Cybersecurity (Anti)Patterns: Busywork Generators

· 3025 words · 15 minute read

This post was originally published on the Open Government Products Substack. ICYMI: I’m publishing a book with No Starch Press! I wrote “From Day Zero to Zero Day” for newcomers looking to enter the rarefied world of vulnerability research.

The goal of good design and platform tools is to make resilience and security background information rather than foreground. In an ideal world, security is invisible - the developer isn’t even aware of security things happening in the background. Their workflows don’t feel more cumbersome.

Kelly Shortridge, Security Chaos Engineering

This is the first in a series of blogposts on first principles in building cybersecurity solutions at Open Government Products. Coming from an offensive security background, I’ve found that the most resilient solutions for cybersecurity problems address root causes directly, resulting in highly-scalable solutions that reduce overall work for the organisation.

However, many security programmes fall into a common trap where promising security solutions end up creating more and more work, eventually consuming a majority of resources and attention. Eventually, this detracts from solving more important security problems as teams are distracted with sending chasers, filing (digital) paperwork, and handling waiver requests.

Let’s examine a not-so-fictional example:

*John Doe is an enterprising cybersecurity specialist in NotBeyondCorp. After a series of security incidents caused by simple injection vulnerabilities, he suggests purchasing a code-scanning solution to identify these vulnerabilities in the company’s codebases. In an initial trial, he assesses the findings and finds more than 50 exploitable vulnerabilities! Encouraged by the results, the company approves the solution and John is tasked with implementing it across the organisation.

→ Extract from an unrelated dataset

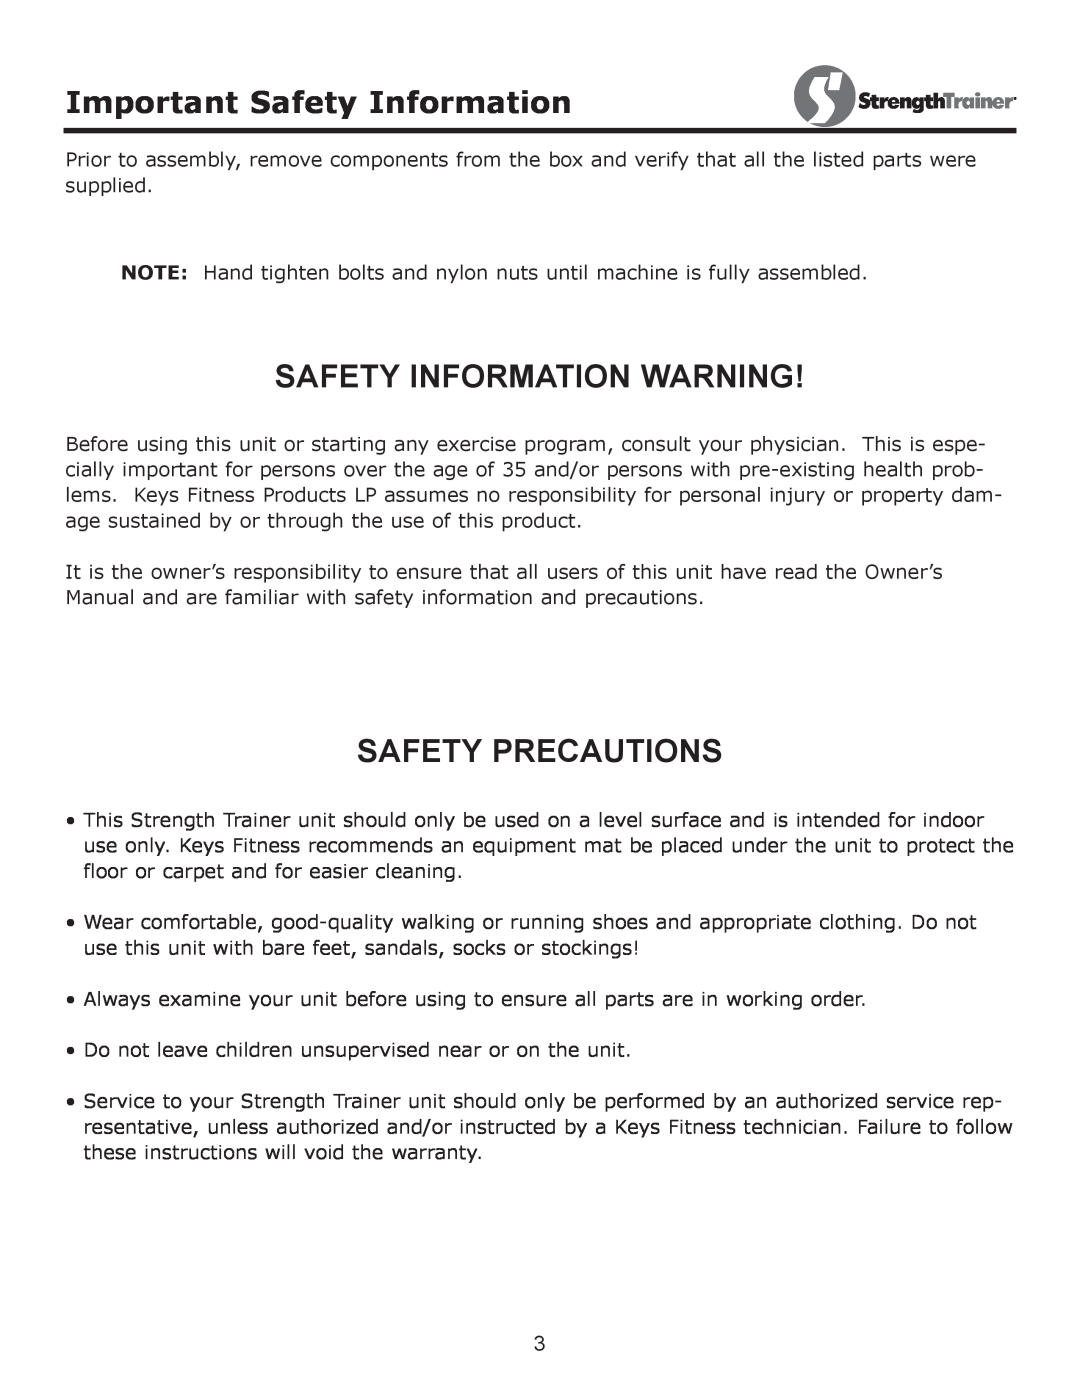 Keys Fitness ST-VDB owner manual Important Safety Information, Safety Information Warning, Safety Precautions 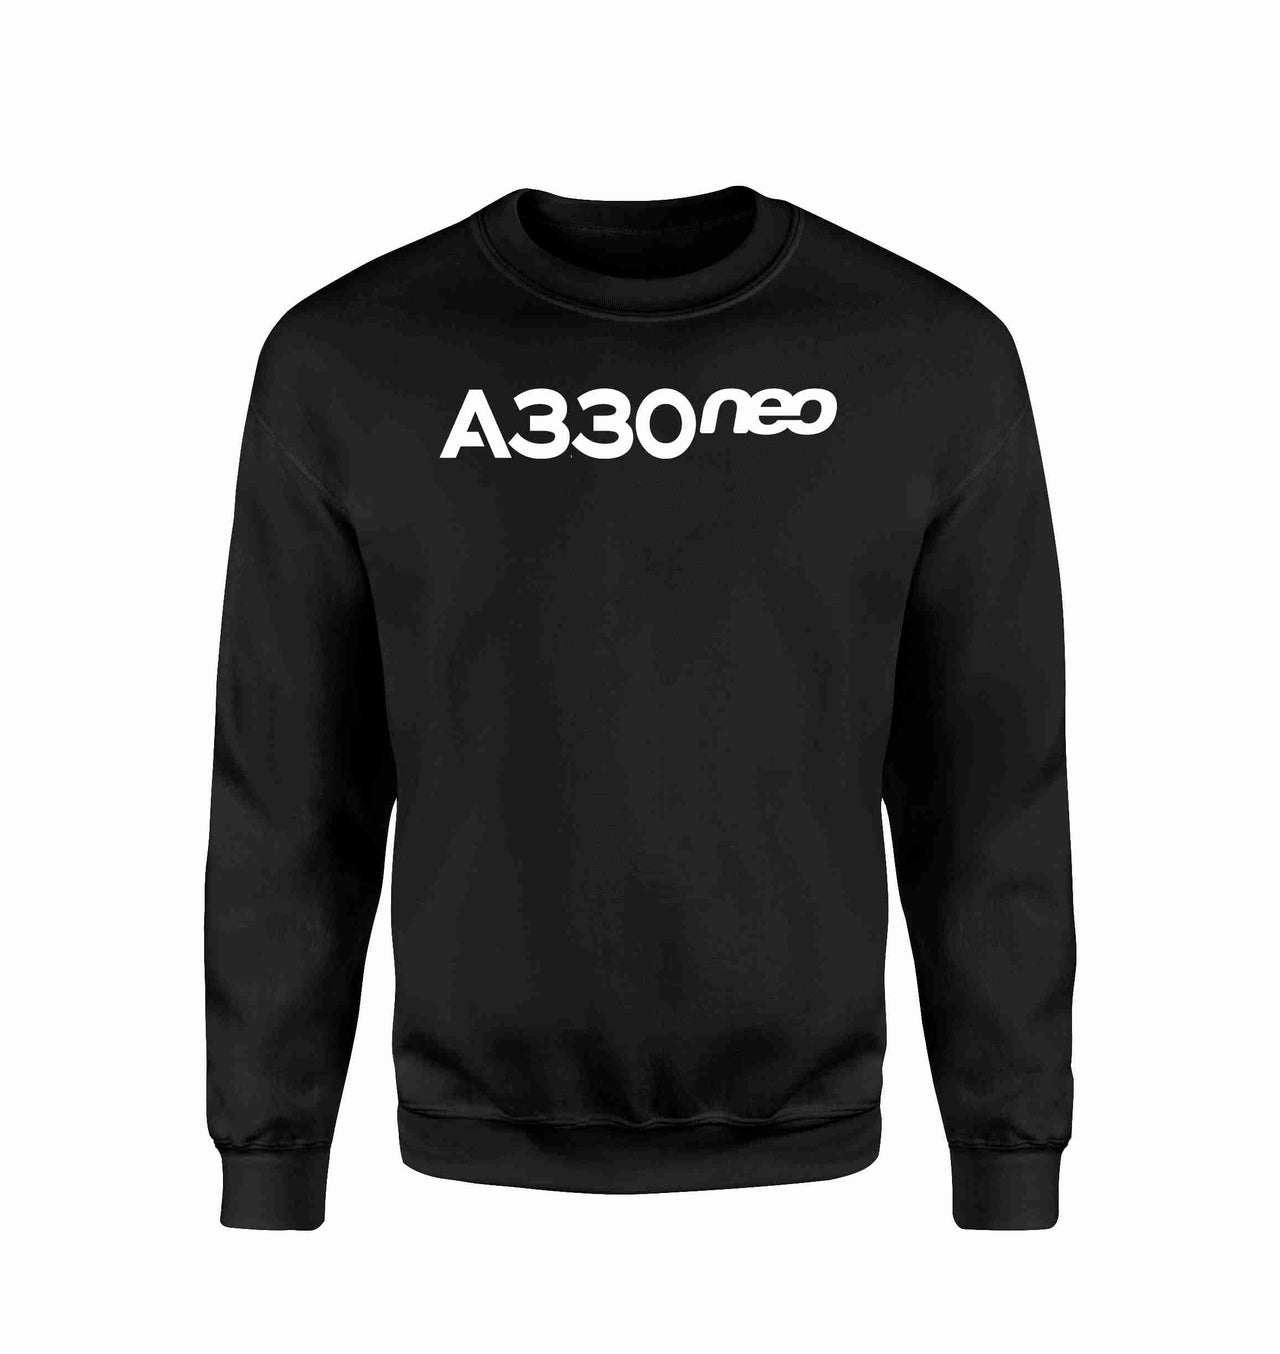 A330neo & Text Designed Sweatshirts

Excited, John proceeds to roll out the solution. Despite a few hiccups (like breaking some CI/CD workflows), he completes the rollout. However, he quickly realises few of the developers are responding to the vulnerability findings. They’re too busy to triage them, or aren’t aware about the solution.

John tries a few quality-of-life improvements such as tuning the detection rules and sending automated reminders to developers. These improvements raise engagement slightly, but the effect is short-lived. In any case, it’s impossible to get a 100% true positive rate. The number of findings keep piling up and the time-to-remediate metrics are flashing red. John is discouraged: don’t developers know that vulnerabilities are important?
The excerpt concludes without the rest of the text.